- Born: 1962 (age 63–64) Quebec, Canada
- Education: University of Montreal McGill University Carleton University
- Known for: Systematics and taxonomy of Pyraloidea, especially Crambinae
- Scientific career
- Fields: Entomology, lepidopterology
- Workplaces: Muséum d'histoire naturelle de Genève

= Bernard Landry (entomologist) =

Bernard Landry (born 1962) is a Canadian entomologist and lepidopterist specializing in Pyraloidea, particularly the Crambinae. He graduated from the University of Montreal, completed his master's degree at McGill University in 1987, working on the pterophorids of the subfamily Platyptiliinae, and received his PhD from Carleton University in 1992.

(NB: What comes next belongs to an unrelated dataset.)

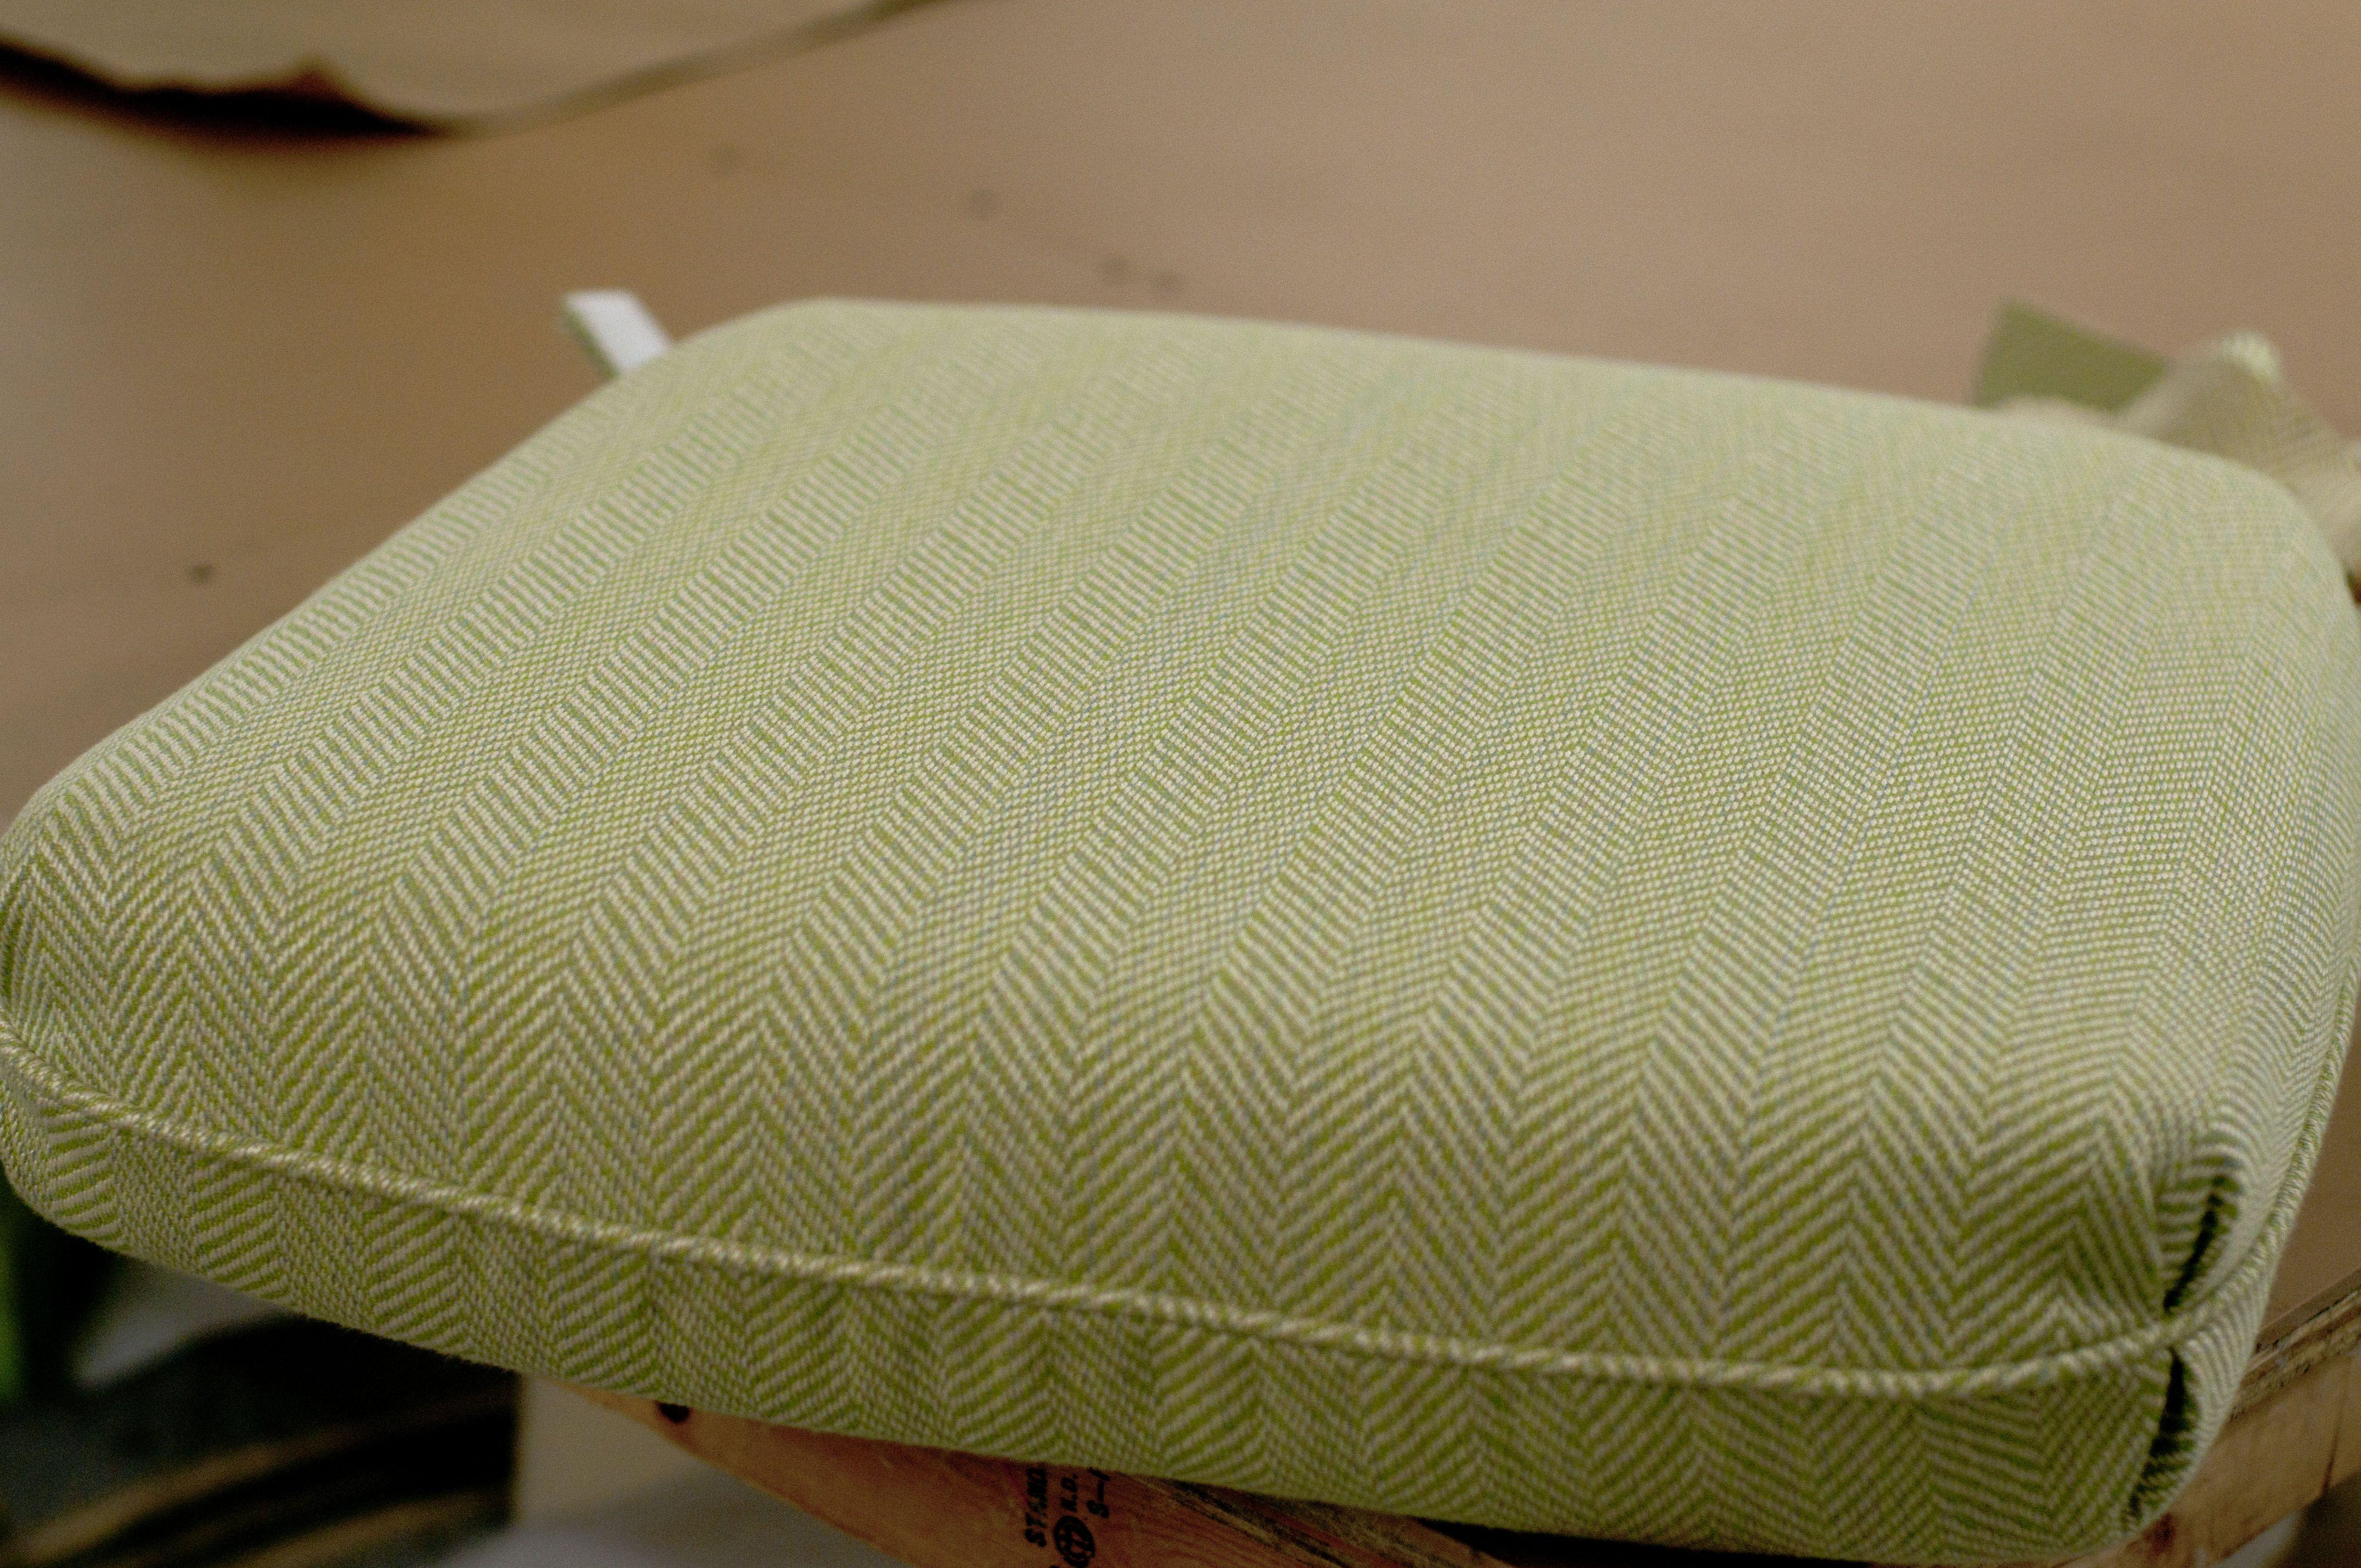 custom indoor chair cushions. Custom Cushion In Sunbrella Posh Lime. CushionsChair CushionsLimes Indoor Chair Cushions O

From 2001 to 2025, he was a research scientist at the Muséum d'histoire naturelle de Genève, where he is now an honorary curator. His research has included the evolution and taxonomy of Crambinae in the Americas and inventories and descriptions of Lepidoptera from the Galápagos Islands. He has served or serves on the editorial boards of Nota Lepidopterologica, ZooKeys, Alpine Entomology, and the Revue suisse de zoologie.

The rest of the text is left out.